O desempregado é um mestre na utilização da engenharia financeira, instrumento que pode servir para o bem ou para o mal, dependendo do objetivo de quem o utiliza. Nas grandes empresas tem-se visto a engenharia financeira como fachada para corrupção. O desempregado, não. Ele a usa com maestria para o bem, ou melhor, para sobreviver. Tira o dinheiro daqui, põe ali, faz uma dívida para pagar outra, entra no supermercado sabendo que não vai levar a “mistura” (carne de vaca, de frango e peixe), troca a casa alugada por outra alugada mais barata. Faz milagres. Um trabalho da Secretaria do Desenvolvimento, Trabalho e Solidariedade (SDTS) da Prefeitura de São Paulo retrata essa realidade através de um perfil das mudanças impostas à vida do trabalhador e de sua família pela perda do emprego. São Paulo, a mais rica capital do País, tem uma taxa média de desemprego de 18,2%, chegando a 16,7% entre os homens e 19,9% entre as mulheres, segundo a Pesquisa Emprego Desemprego/Dieese-Seade de novembro de 2003. O objetivo do levantamento inédito não foram os números, mas responder perguntas como quem são esses cidadãos, como vivem, quais gastos que cortam quando perdem o emprego, de que maneira a perda do emprego afeta seu padrão e qualidade de vida. A equipe da secretaria ouviu uma mostra aleatória de 402 pessoas na situação de desemprego.

O levantamento aponta que o desemprego na cidade afeta de maneira importante a vida das pessoas, já que praticamente um de cada dois desempregados é o responsável pela família (46,5%). Com isso, dois terços dos desempregados sofreram uma redução de 50% ou mais da renda familiar ao perderem o emprego. Quase três em cada 100 famílias passaram a sobreviver sem nenhuma renda própria quando o responsável ficou desempregado. Dos entrevistados, 81,3% disseram estar desempregados há mais de seis meses.

O primeiro sacrifício que ele se impõe (e a seus familiares) é acabar com o lazer. Cinema, jogo de futebol, viagens e restaurantes nem pensar. Em seguida cortam-se os gastos com roupas e calçados (65% dos entrevistados). Na locomoção pela cidade, o terceiro item reduzido ou cortado do orçamento (65%), observa-se o aumento das pessoas andando a pé. Quem tem carro deixa na garagem. Quem não tem, quando dá, vai a pé mesmo, usando cada vez menos ônibus, metrô e trens.

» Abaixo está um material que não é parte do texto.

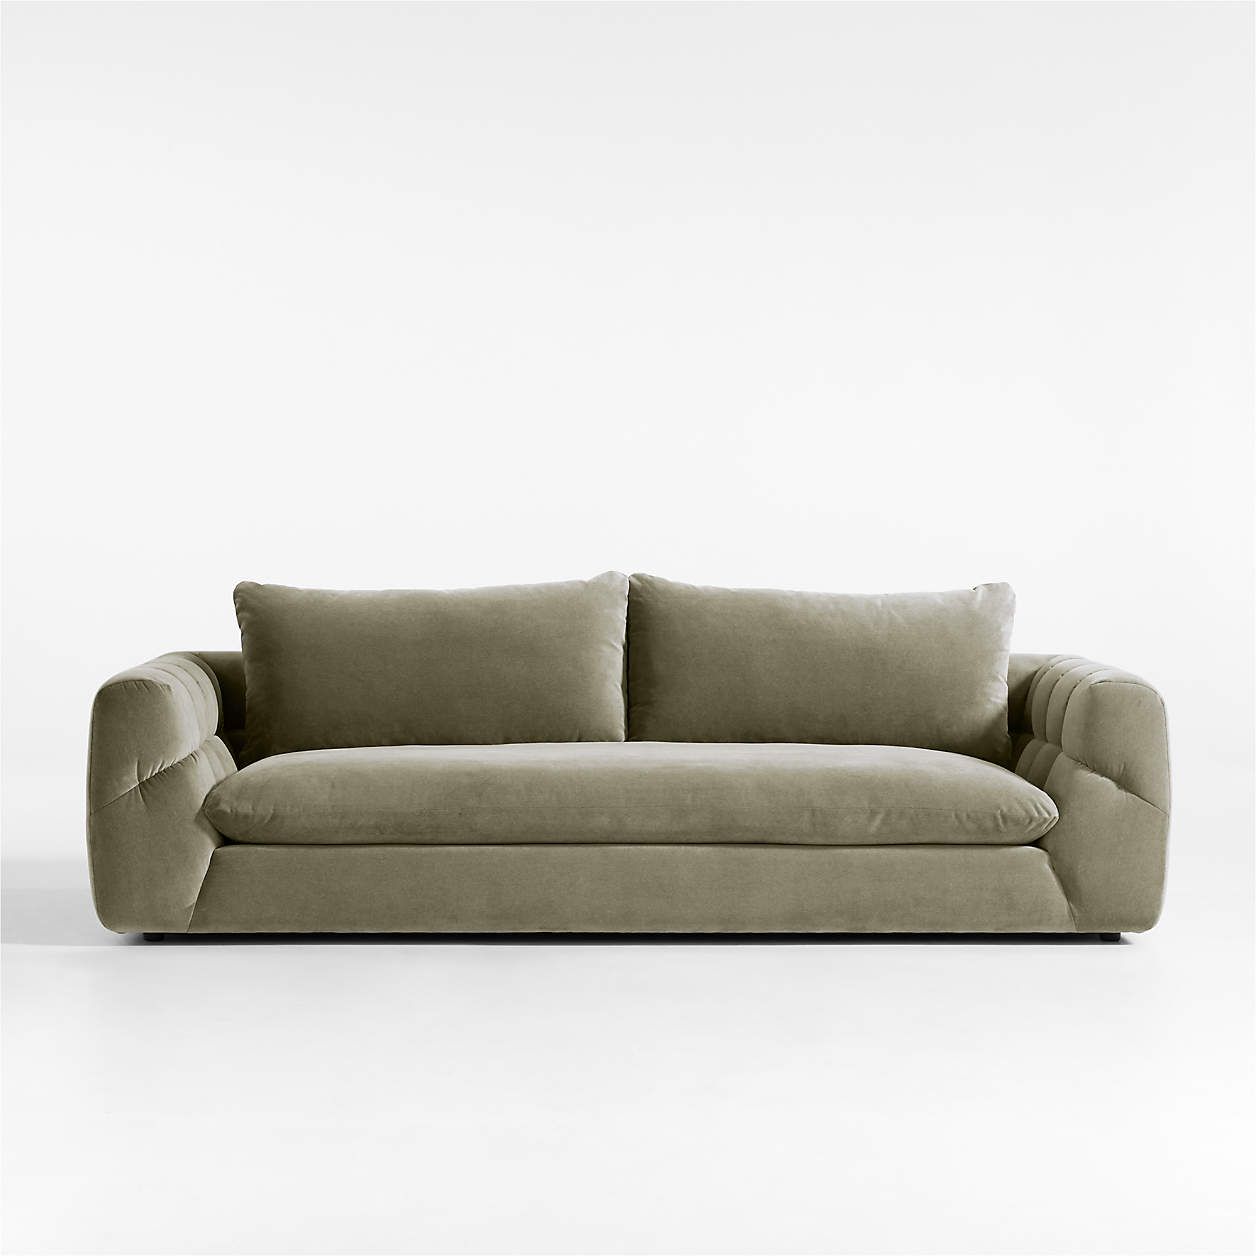 Cambria Olive Green Velvet Deep-Seat Sofa with Tufted Arms 96" | Crate & Barrel | Crate & Barrel

Estudar outro idioma nem pensar. No total da amostra, 55% tiraram seus filhos de cursos extracurriculares, inclusive cursos de inglês e informática, tidos como “fundamentais”. Quem consegue vaga em escola pública não pensa duas vezes. Quem não consegue muda para uma escola mais barata. À medida que aperta o cinto, o desempregado corta até os gastos com saúde e alimentação. Os chamados supérfluos foram cortados ou reduzidos por 100% dos entrevistados. Só arroz e feijão escaparam praticamente ilesos de cortes: apenas 5% reduziram as compras. No contexto geral, o último item a ser cortado é o gasto com educação.